Я думаю, что можно рассказать еще массу интересного, но не хочу настаивать. Преподобный Пино на тропе войны, мне остается только ждать его телефонного звонка. Я вручаю совестливому служаке тысячный билет, от которого он недавно отказался, и возвращаюсь в Большой Дом, моля святую Ромашку, покровительницу печеночников, чтобы сегодня у Пиноша не случилось приступа печеночной колики.
* * *
Берю сделал все необходимое, чтобы поднять свой моральный дух. И если бы в этом мире существовала высшая справедливость, наверняка у него были бы неприятности с пищеварением. В любом случае, судя по скорости, с которой он отплывает, он уверился, что будет жить среди летучих мышей до конца своих дней.
Развалившись в кресле, биток надвинут на лоб, как крыша альпийского домика, сардельки сцеплены на брюхе, он медленно плывет.
— Тебе лучше? — спрашиваю я. Он трясет головой. Его вялые губы пытаются что-то выговорить, но это им не удается.
— Ты загружен, как товарный состав, — вздыхаю я. — Все же какое это несчастье — иметь под началом таких алкоголиков. Ты замкнут в порочном круге, Толстый. Ты пьешь, чтобы забыться, единственное, о чем ты не забываешь, — это засасывать… И выберешься ты из него только копытами вперед, а перед ними на черной подушечке будут нести твою физкультурную медаль.
Он поднимает волосатый кулак, чтобы грохнуть по столу, пробуя таким образом восстановить свой суверенитет, но промахивается, падает вперед, рожей прямо на телефонный аппарат.

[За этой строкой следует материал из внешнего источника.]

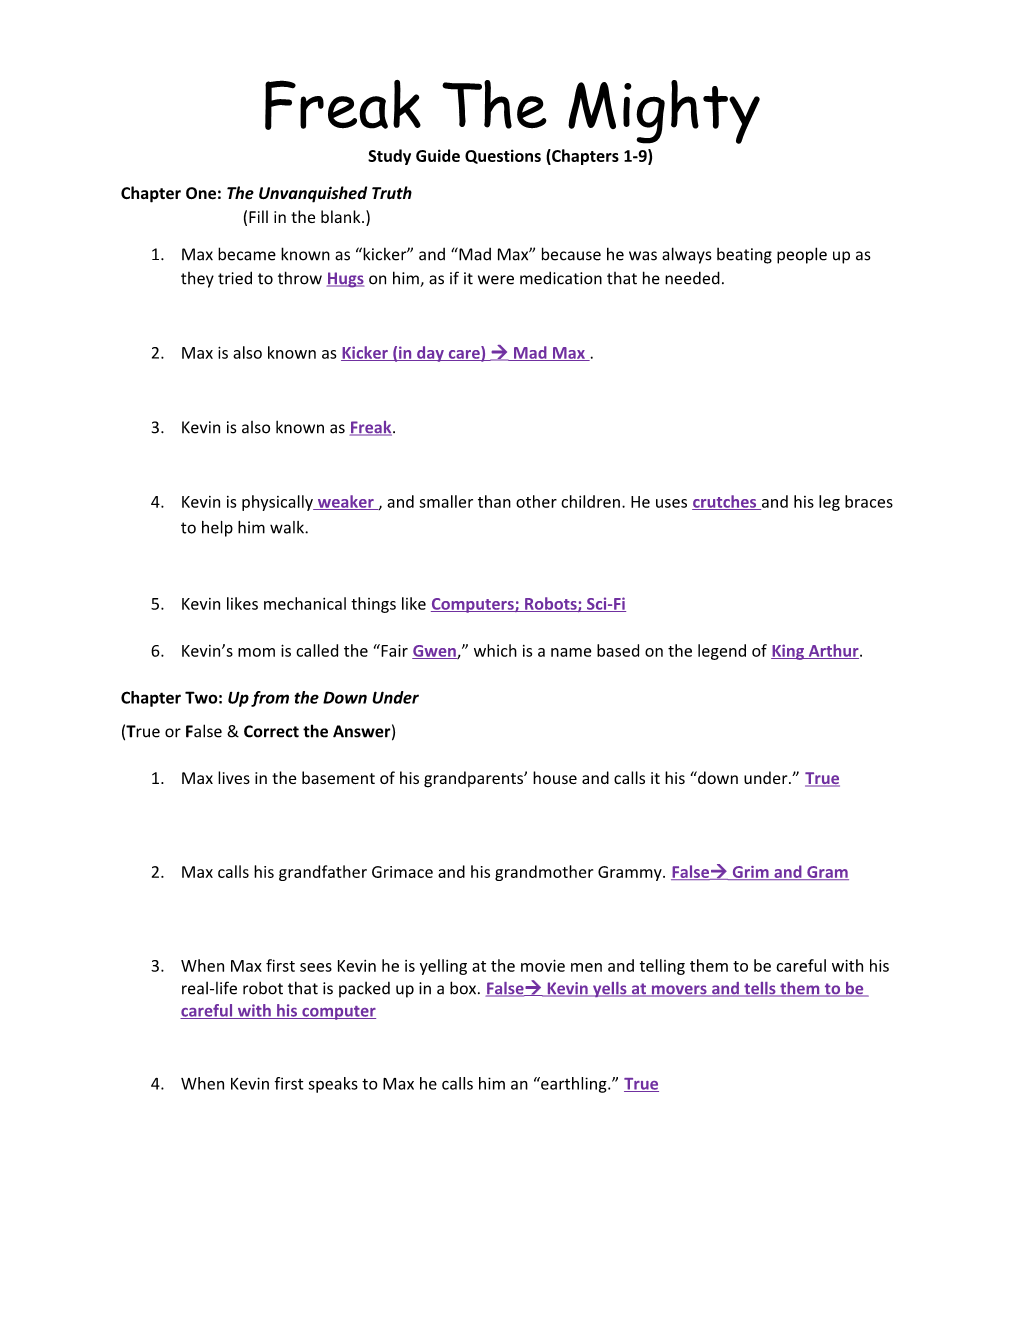 Study Guide Questions (Chapters 1-9)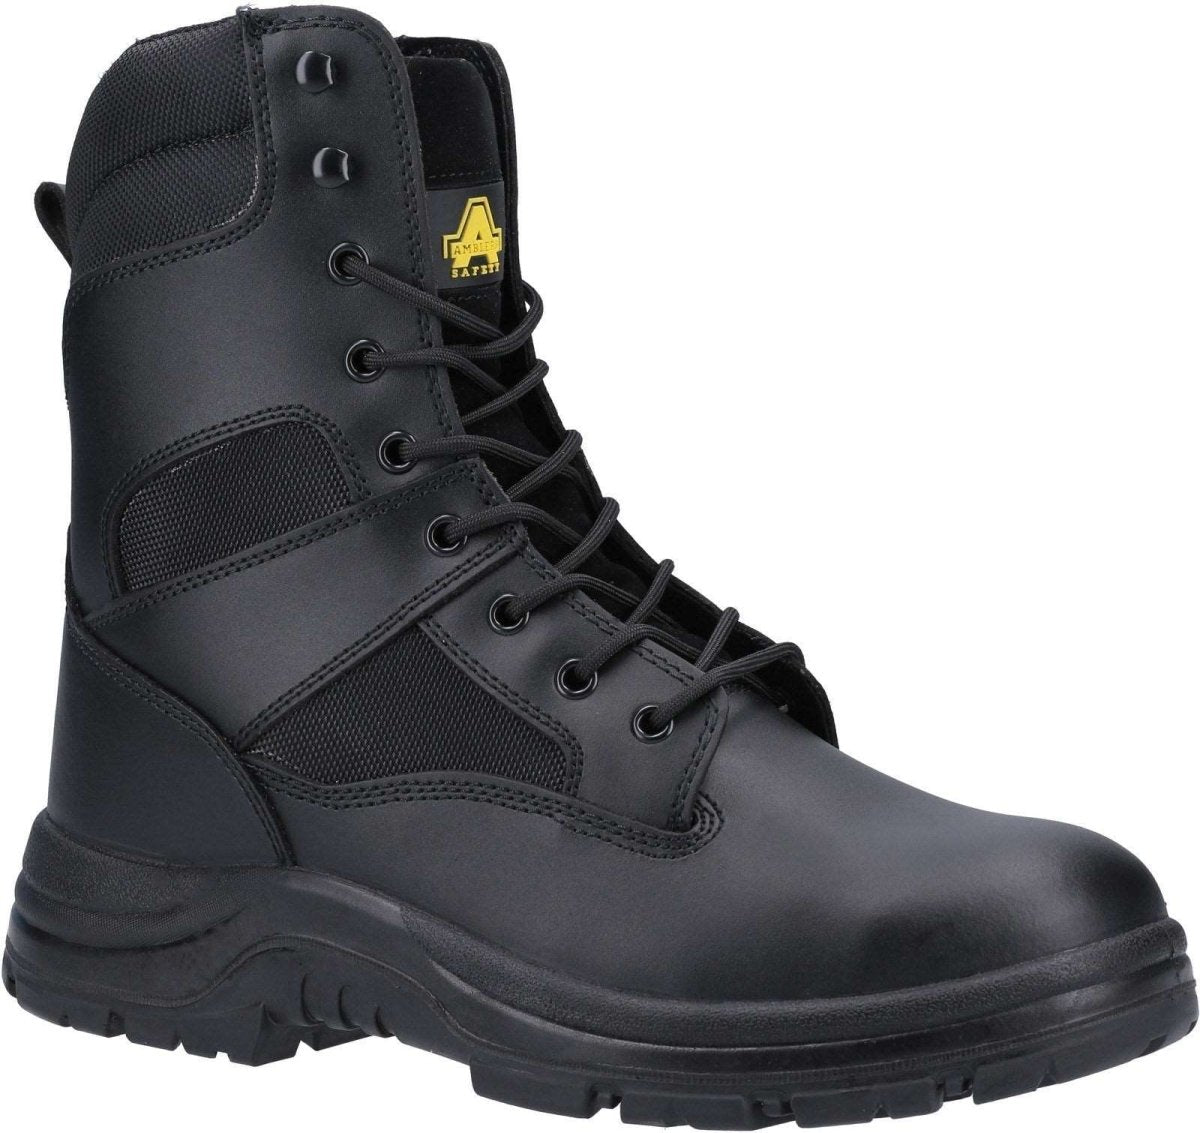 Amblers FS008 Water Resistant Hi-Leg Safety Boots - Shoe Store Direct

— Иди проспись где-нибудь, — срываюсь я. — Ты стыд нашей профессии.
Только теперь, оживленный силой воли, он мямлит:
— Слчлось несчастье…
— Что? — восклицаю я, кажется, уловив смысл лаконичного изречения.
— Слчлось несчастье с Пино…
Его башка покачивается. Я бросаюсь к стенному шкафу, хранящему, кроме постоянно поломанных вешалок, грязный умывальник, потрескавшийся, липкий, волосатый.
Я зачерпываю воду одной из кастрюль, служащей Толстому для подогревания его шукрутов и сосисок, и выплескиваю прямо в морду. Он визжит, задыхаясь. Его налитые кровью шары вываливаются из блюда, как будто он стоит в вагоне-ресторане экспресса, который сошел с рельсов.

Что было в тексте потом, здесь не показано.